> **Task item**: Could every line of the listing be output exactly, with the pictures skipped?

> **Dataset excerpt**:
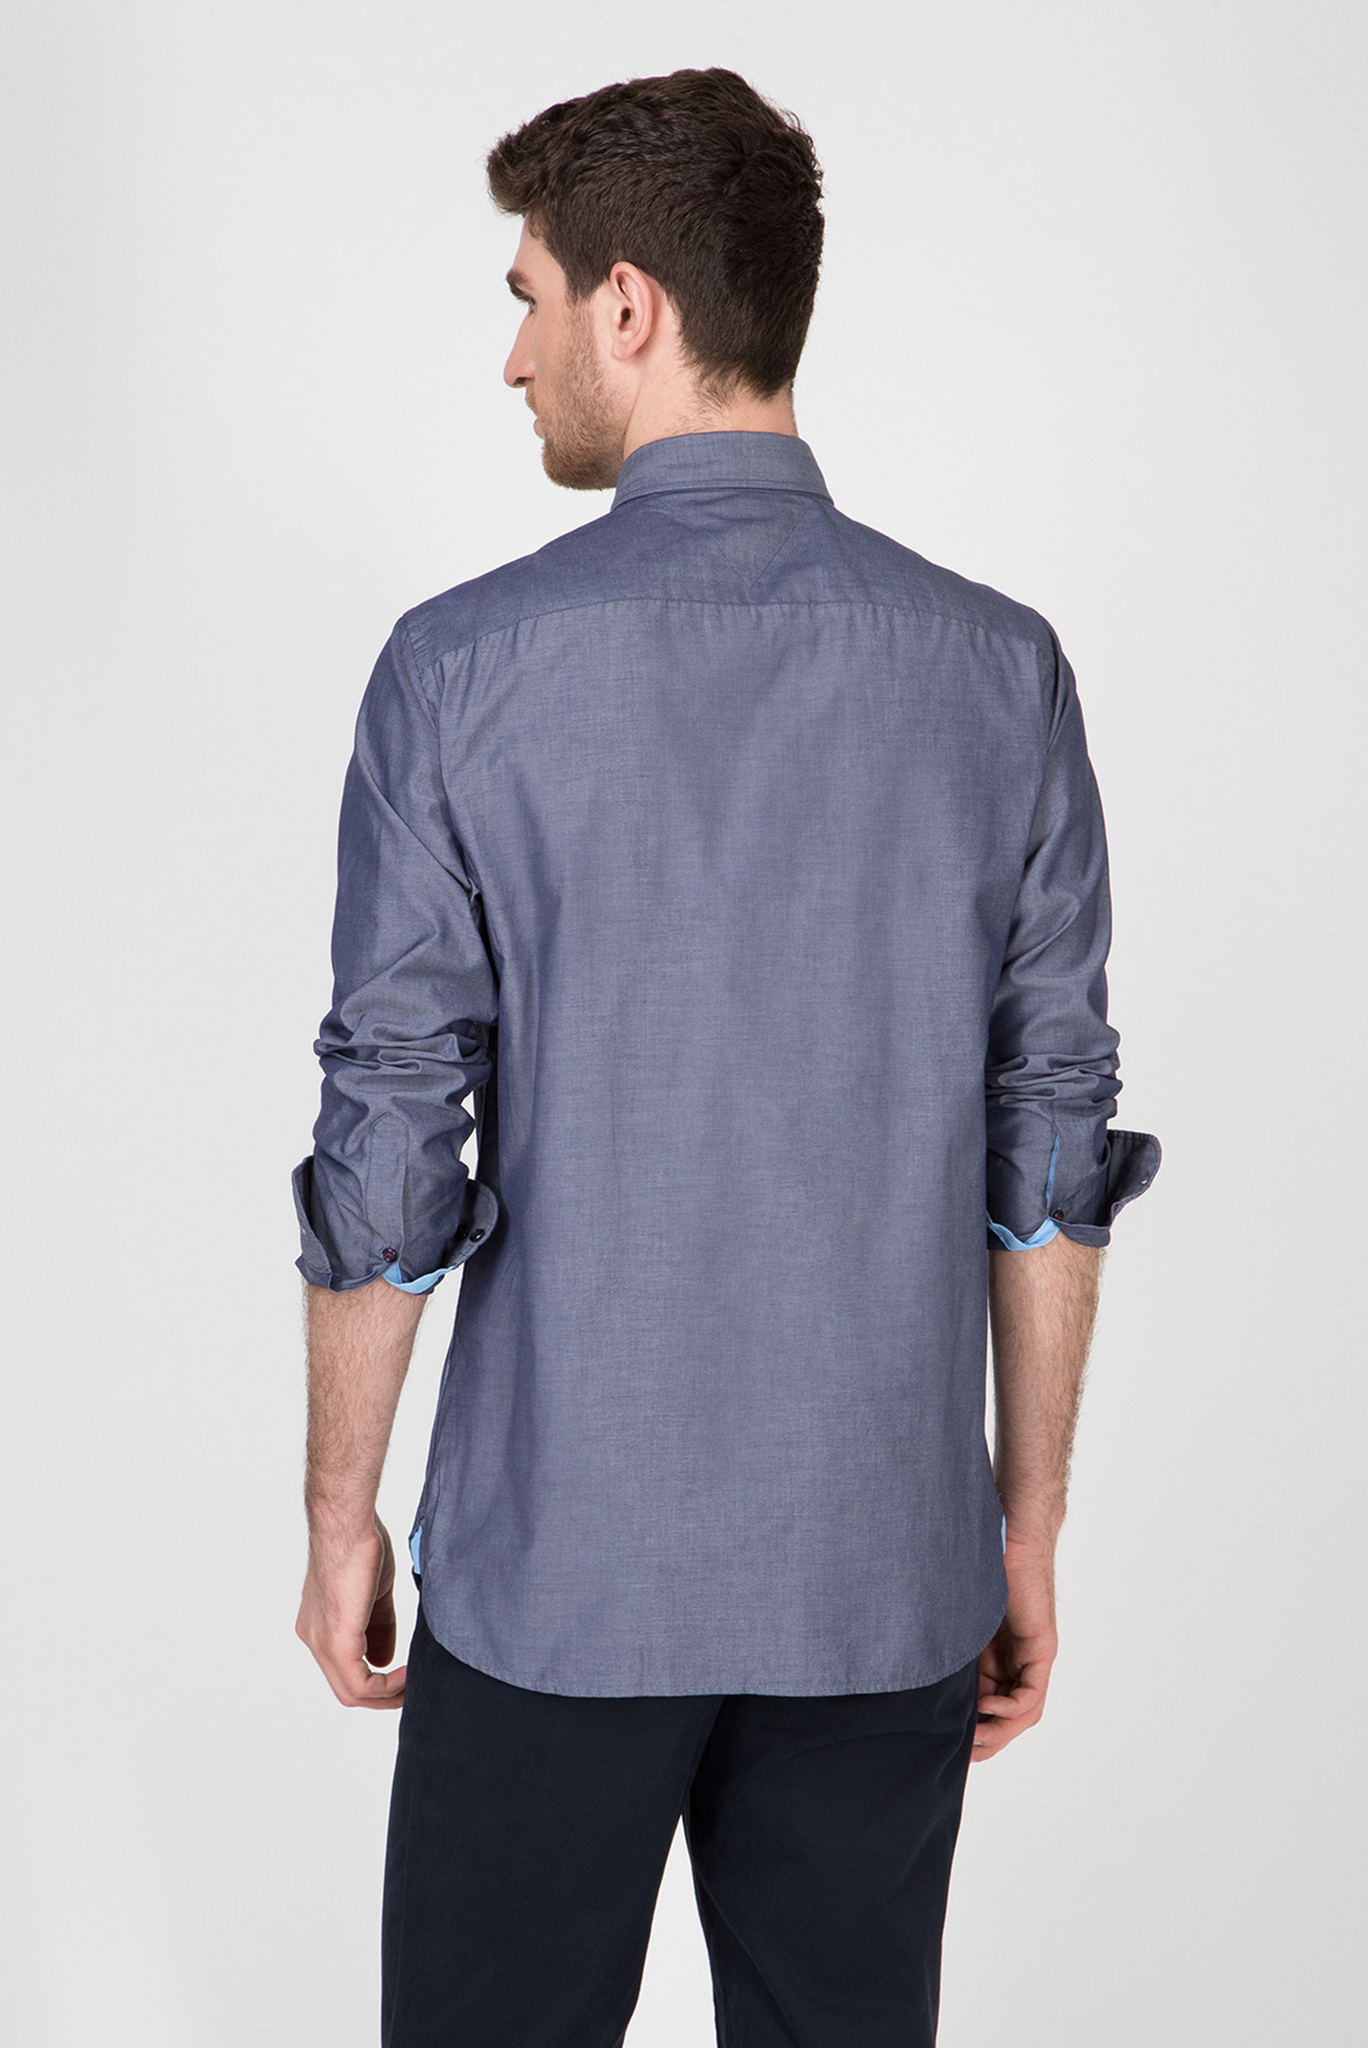 Мужская синяя рубашка NATURAL SOFT POPLIN Tommy Hilfiger
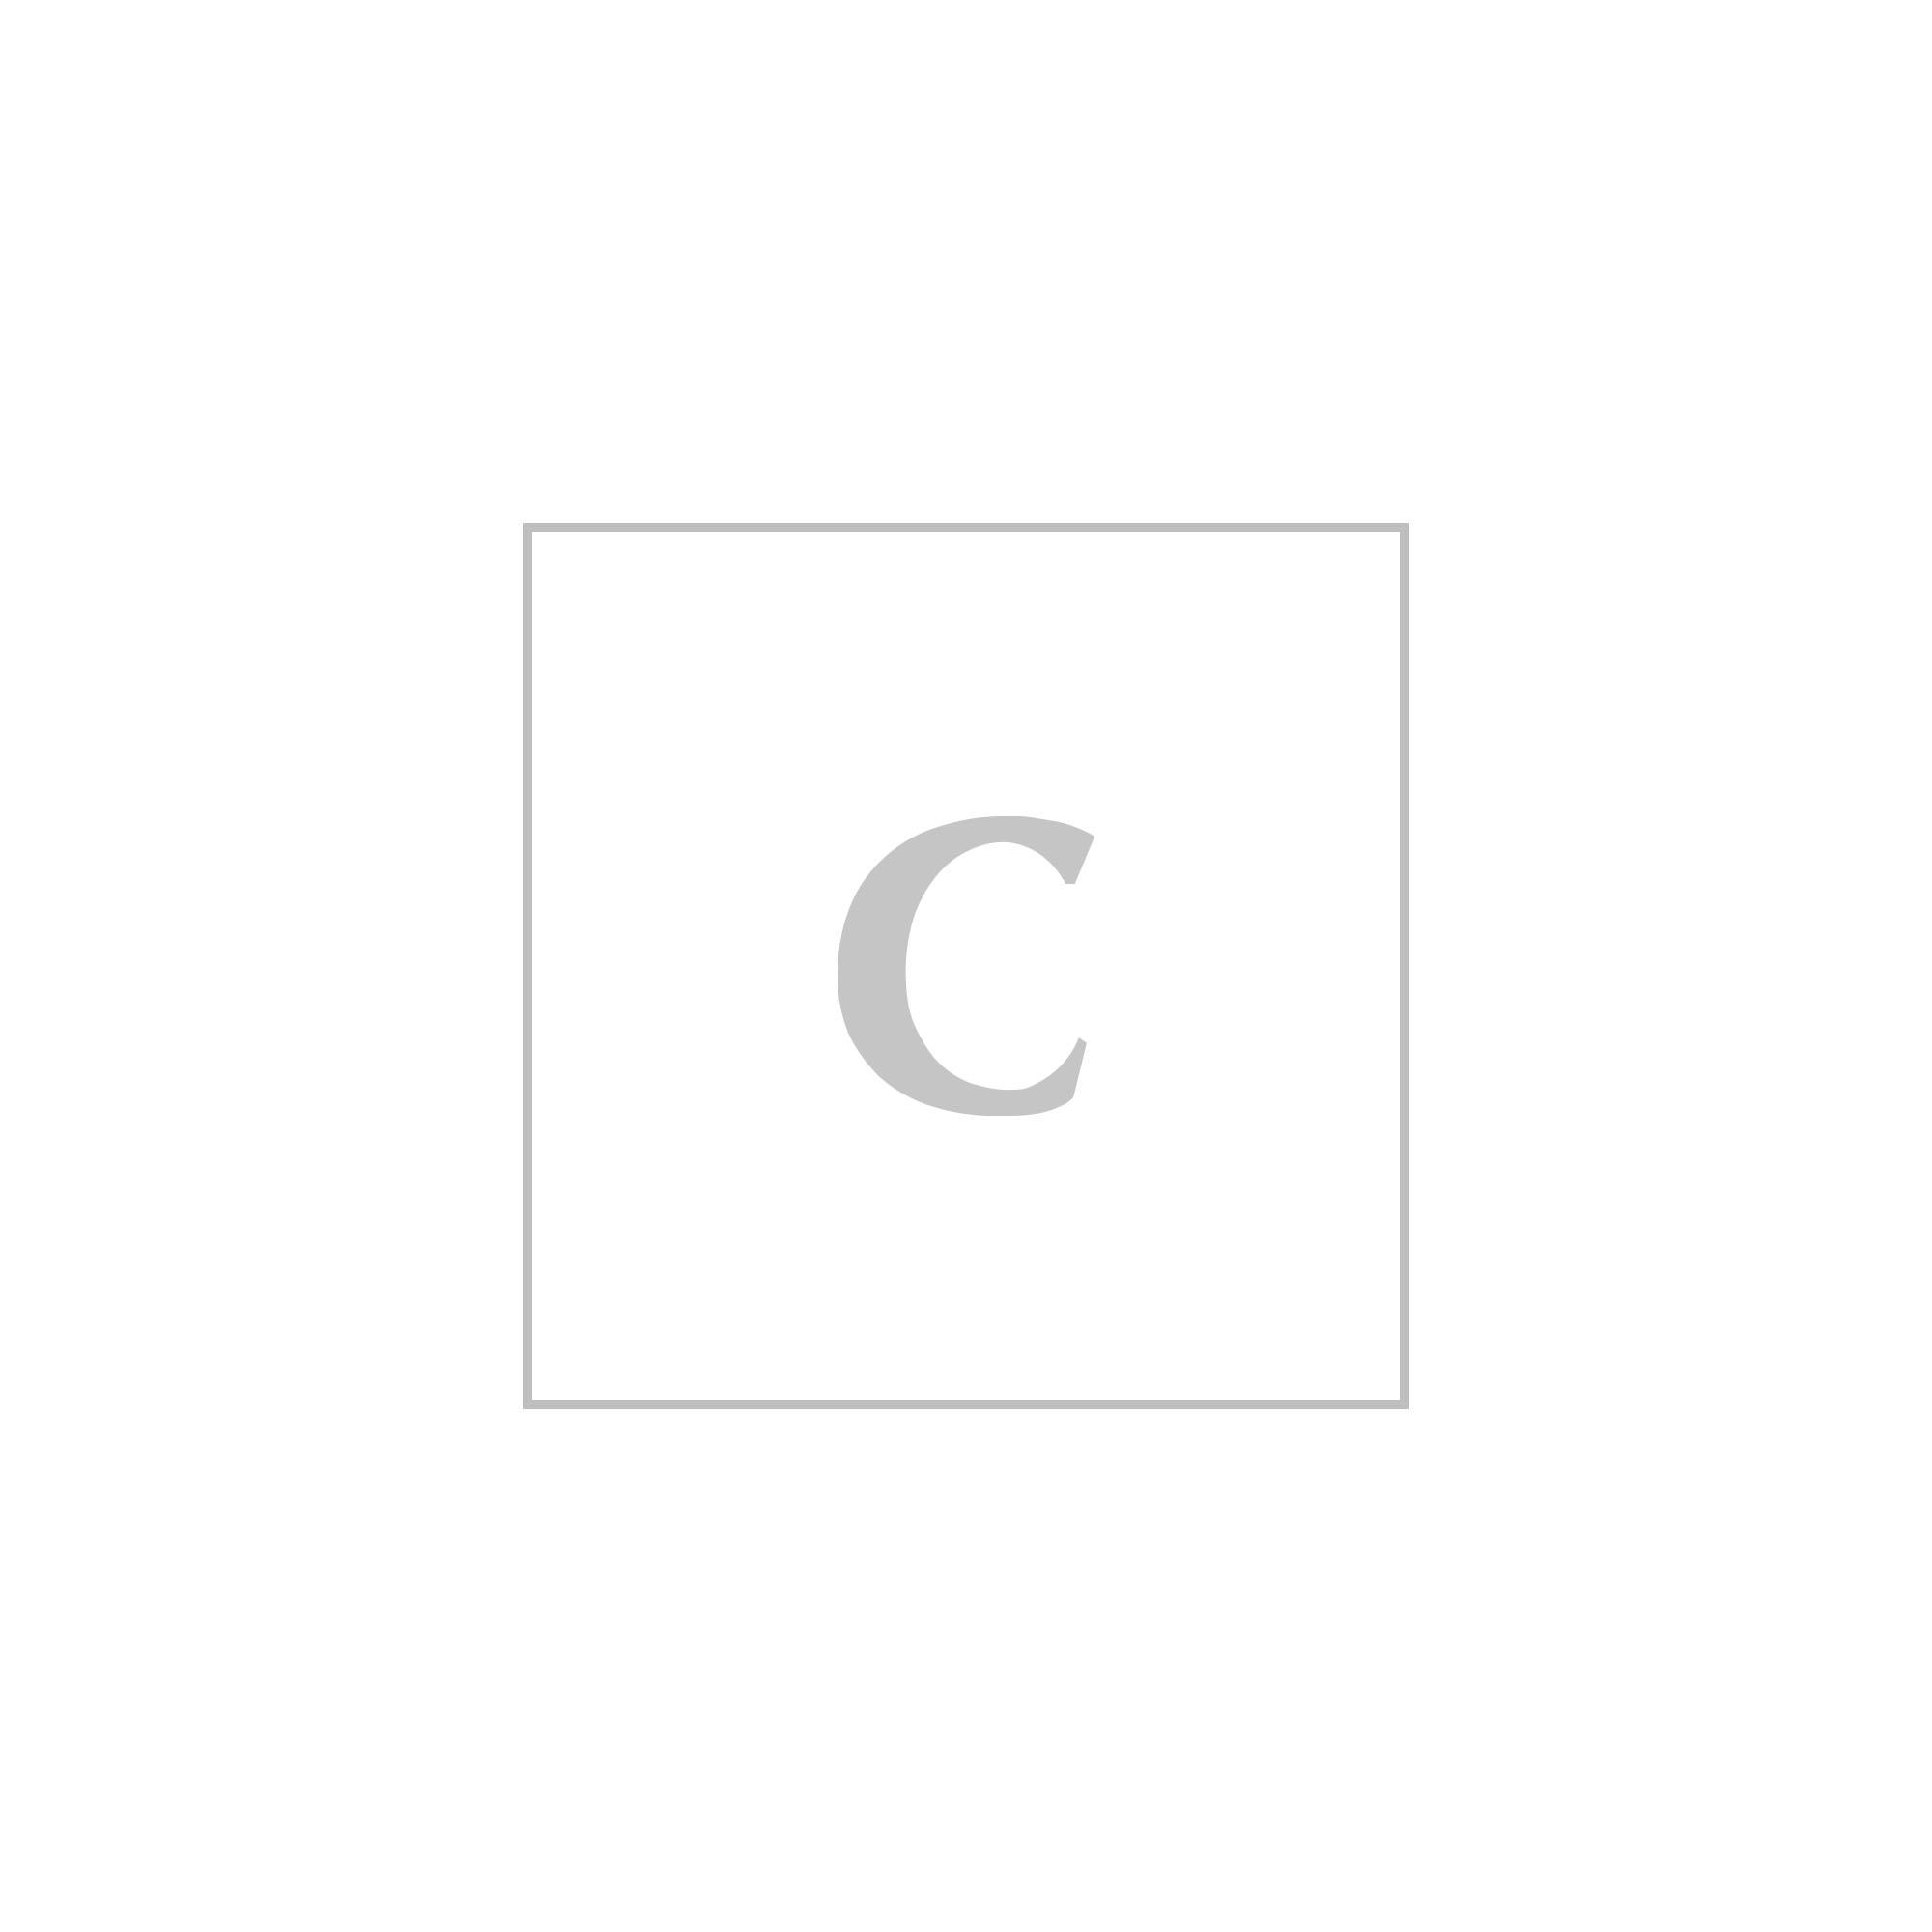 Dolce & gabbana dauphine continental wallet
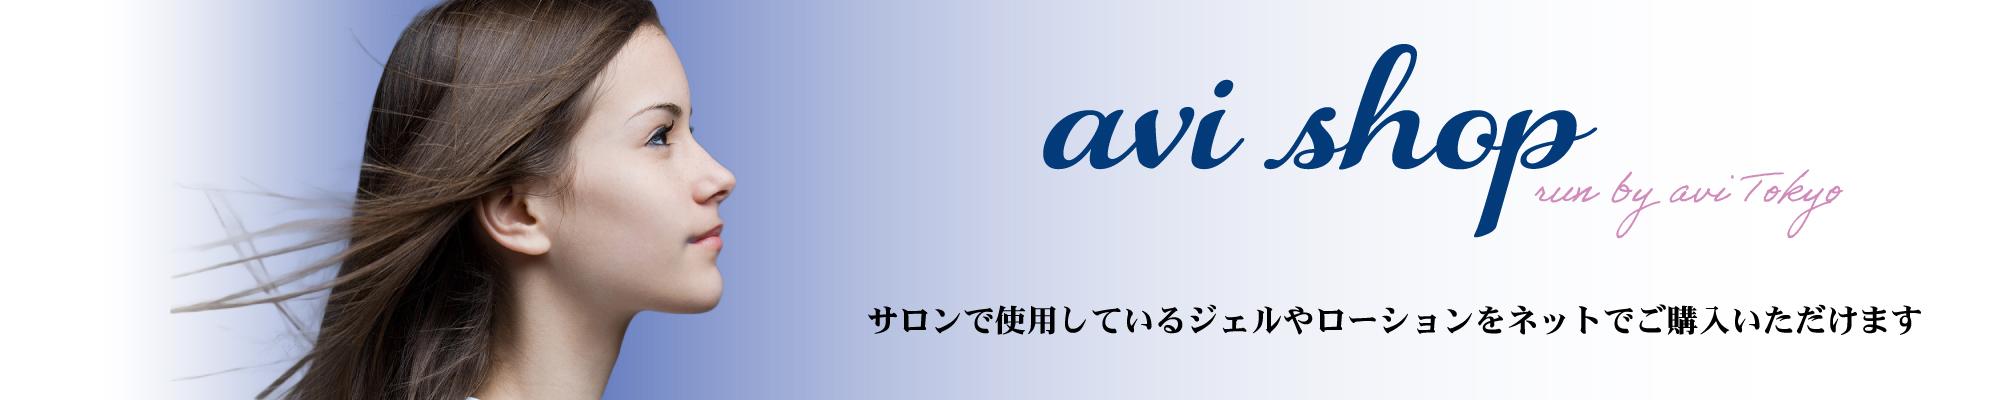 avi shop

> **Your solution**:
 Мужская синяя рубашка NATURAL SOFT POPLIN Tommy Hilfiger
 Dolce & gabbana dauphine continental wallet
 avi shop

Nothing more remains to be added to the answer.